Stop-Loss Placement: Where and Why
Your stop goes where your trade idea is wrong. Not where you're comfortable losing.
The Golden Rule of Stop Placement
Your stop-loss goes at the price where your trade idea is no longer valid. If you bought because price bounced off support at 1.0800, your stop goes below that support, say at 1.0780. If price trades below 1.0780, the support has broken and your reason for being in the trade no longer exists.
Method 1: Structural Stop (S/R Based)
Place the stop just beyond the nearest significant support (for longs) or resistance (for shorts):
- Long trade: Stop a few pips below the support level or swing low that defines your setup.
- Short trade: Stop a few pips above the resistance level or swing high.
- "A few pips": 5-10 pips beyond the level for majors. This gives room for wicks that test the level without actually breaking it.
Method 2: ATR-Based Stop
Use the Average True Range to set a stop that accounts for normal market volatility:
- Calculate ATR for the current timeframe (typically 14-period)
- Place stop at 1.5x ATR from entry
- This adapts automatically: wider stops in volatile markets, tighter in calm markets
H4 ATR on EUR/USD = 35 pips
1.5x ATR = 52 pips
You buy at 1.0850. Stop at 1.0850 - 0.0052 = 1.0798
Method 3: Candle-Based Stop
Place the stop below/above the signal candle that triggered your entry:
- Bullish engulfing at support: Stop below the low of the engulfing candle.
- Bearish pin bar at resistance: Stop above the high of the pin bar.
This is the tightest stop method, giving the best RR, but also the most likely to get hit by normal price noise.
The Wrong Way to Set a Stop
Never set a stop based on how much money you're willing to lose. "I'll put my stop 15 pips away because that's $150 on 1 lot" is backwards. If the support level is 40 pips below your entry, a 15-pip stop will get hit by normal market noise, turning a valid trade idea into a loss.

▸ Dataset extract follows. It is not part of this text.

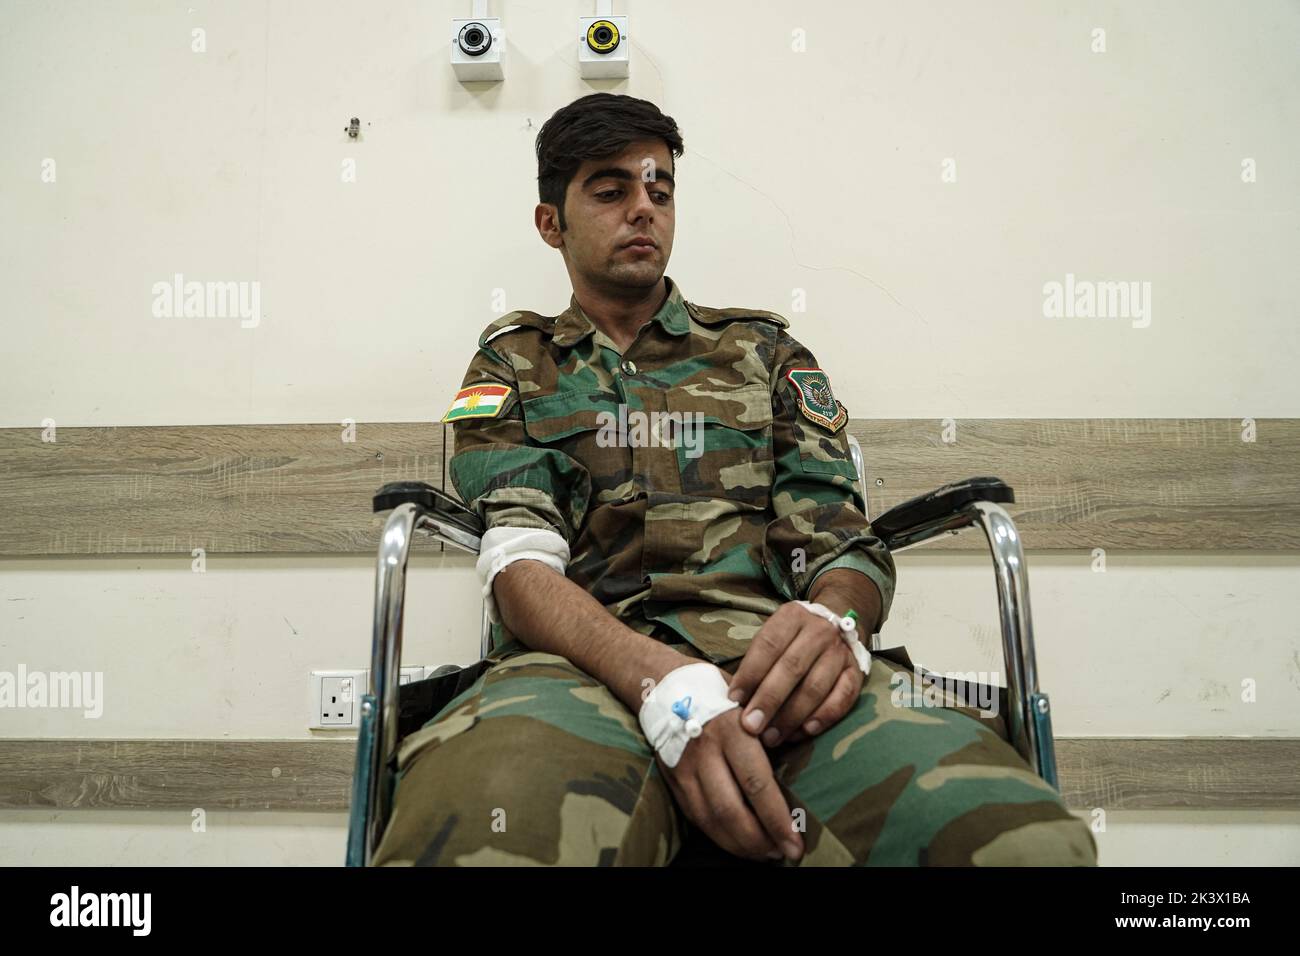 28 September 2022, Iraq, Erbil: A wounded member of the opposition Kurdistan Freedom Party (PAK) sits on a wheelchair at a hospital following attacks by Iranian explosives-laden drones and rockets targeting the opposition Kurdistan Freedom Party (PAK), the Kurdistan Democratic Party of Iran (KDPI), the Free Life Party of Kurdistan (PJAK), and Komala in the provinces of Erbil and Sulaymaniyah, Kurdish media reported. The death toll from the attacks on opposition groups in the autonomous region of Kurdistan rose to nine and at least 32 were also injured, Iraq's state news agency INA quoted Barzi Stock Photo

Instead: place the stop where it belongs (40 pips below), then calculate lot size so that 40-pip loss equals your risk amount ($150). The formula from Lesson 7-3 handles this automatically.
1. Find the technical level where your idea is invalid
2. Add a small buffer (5-10 pips or wicks)
3. That's your stop distance
4. Calculate lot size: risk $ / (stop pips x pip value)
5. If the lot size is too small to be meaningful, skip the trade
Key Takeaways
- • Place stops where your trade idea is INVALIDATED, not based on a dollar amount.
- • Method 1: Below/above the nearest S/R level (structural stop).
- • Method 2: 1.5x ATR from entry (volatility-based stop).
- • Then calculate lot size to fit the stop within your risk %. Never the other way around.